ARM Assembly: Arrays and Structs

If you are doing these in order, you just learned about loops and indexing modes.  You now have the foundation for working with arrays and structs.

Structs are heterogeneous data structures.  This means that elements of a struct can and typically do have different data types or at least different meanings.  When we are mixing data types in a struct, there are some rules we need to follow.  The most important rule is that each variable should be aligned to its own size.  So, a short should be 2 byte aligned, an integer should be 4 byte aligned, and so on.  This may leave voids in our struct.  The rule with these voids is that they should never be used.

Technically, we have already made a struct, when we learned about global memory.  That struct contained 4 integers that represented an IP address.  Let's make a more complicated struct.
.data
.balign 4
struct:
    .word 32
    .byte 12
    .skip 1
    .short 64
    .word 169

.text
.global _start
_start:
    ldr r4, =struct
    ldr r0, [r4]
    ldrb r1, [r4, #4]
    ldrs r2, [r4, #6]
    ldr r3, [r4, #8]

    add r0, r0, r1
    add r0, r0, r2
    add r0, r0, r3

    mov r7, #1
    svc #0
We start by 4 byte aligning the beginning of the struct.  Typically we want to align the struct by the largest data type it contains.  So, if we were holding a 64 bit integer, we would want to 8 byte it.  The first value in the struct is an integer, which is 4 bytes.  The second is a 1 byte value.  The next value is a 2 byte short, but the byte messed up our alignment.  So, we will skip 1 byte, which will 2 byte align the short.  The next value is another 4 byte integer.  If you add up the bytes from the byte, the void, and the short, you will find that we are already 4 byte aligned, so we don't need to skip anything here.

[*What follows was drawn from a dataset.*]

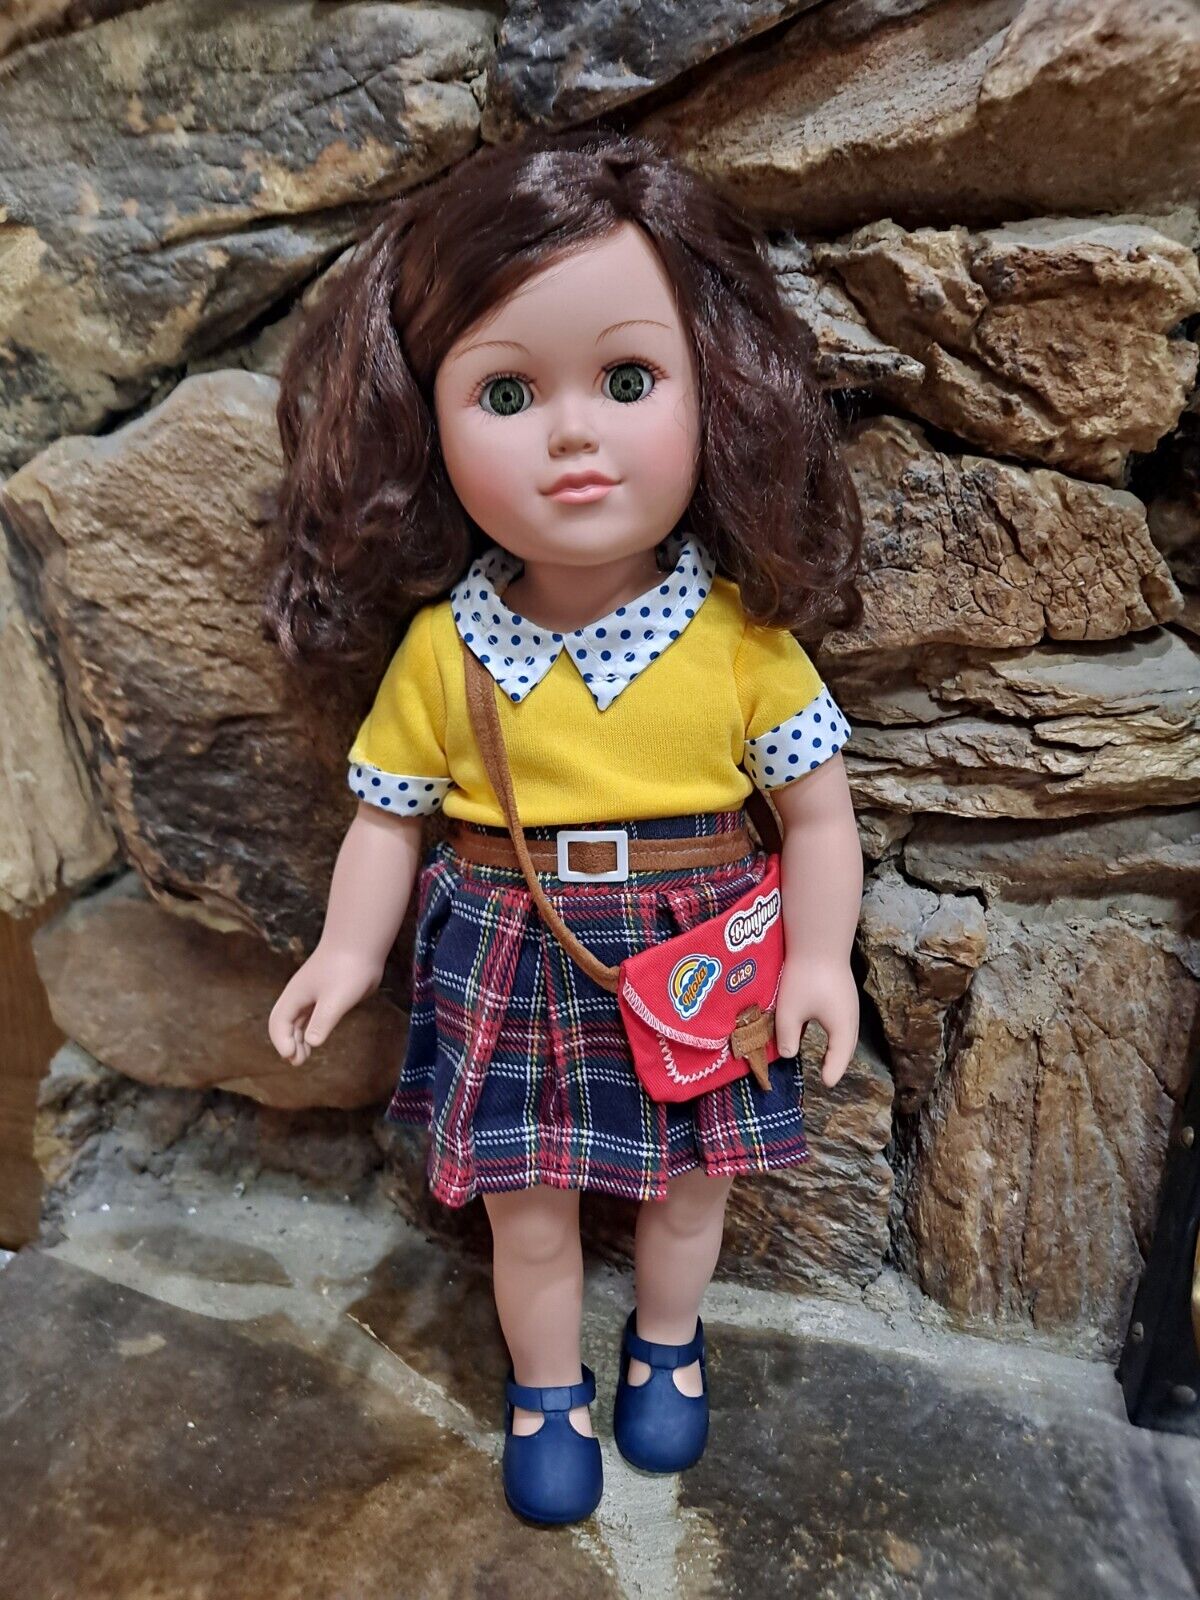 2013 CITITOY - BROWN HAIR GREEN EYES PLAID SKIRT YELLOW SWEATER 18"  GIRL DOLL

The code starts by getting the address of the struct.  We can use the offset indexing mode to pull out specific elements of the struct.  When calculating the offsets, we have to take into account the voids as well as the data elements.

You may notice that I used ldrb and ldrs in there.  If we just do an ldr, we will end up telling our program to read 4 bytes every time.  For the byte, this means we will read the byte, the void, and the short, all into one register.  For the short, we would end up reading the short and then the lower two bytes of the integer right after it.  If we want ldr to behave correctly with smaller data types, we have to tell it when we need these types, otherwise it will assume we always want to read a full integer.

Hopefully it is now obvious why the indexing mode we used is so valuable.

Arrays are typically homogeneous data.  They usually contain data that all has the same type and all has the same significance.  In assembly it is possible to mix data types in an array-like data structure, but if you do, you have to keep track of the types, so you can treat them properly.  We won't be doing that here.

An array is just a chunk of memory that has a size that is a multiple of the data type we are storing in in.  The defining factor of an array is that the data elements stored all have the same significance.  When we learned about global variables, we created a struct containing an IP address.  The data type was homogeneous, but the significance of each element was different.  Each element was a different value in an IP address.  A trick for determining whether a data structure is an array or a struct is to consider what would happen if the order of elements was changed.  If changing the order would have no effect or only affect things like sorting, then it is probably an array.  If changing the order would completely change the meaning of the data, then it is probably a struct (with the IP address, changing order would make it an entirely different IP address).  That said, as with everything else related to data in assembly, what the data means depends entirely on how you treat it.  There are not really arrays or structs.  They are collections of data in memory that we use as arrays and structs.

Let's make an array.
.bss
.balign 4
array:
    .space 64

.text
.global _start
_start:
    ldr r4, =array

    b init_loop_test
:init_loop
    str  r0, [r4, r0, LSL #2]
    add r0, r0, #1
:init_loop_test
    cmp r0, #16
    bne init_loop

    mov r7, #1
    svc #0
We are going to create an integer array with 16 elements (16 * 4 = 64).  Because I don't want to type in .word and a value 16 times, I stuck it in the bss section, and I initialized it in a for loop.  The loop iterates through the elements using an index stored in r0.  I am also using the index as the value to store in each element.  When the loop finishes, each element of the array will contain its own index.  I am using the register offset indexing mode with a shift, to convert the indices into the right offset for each element.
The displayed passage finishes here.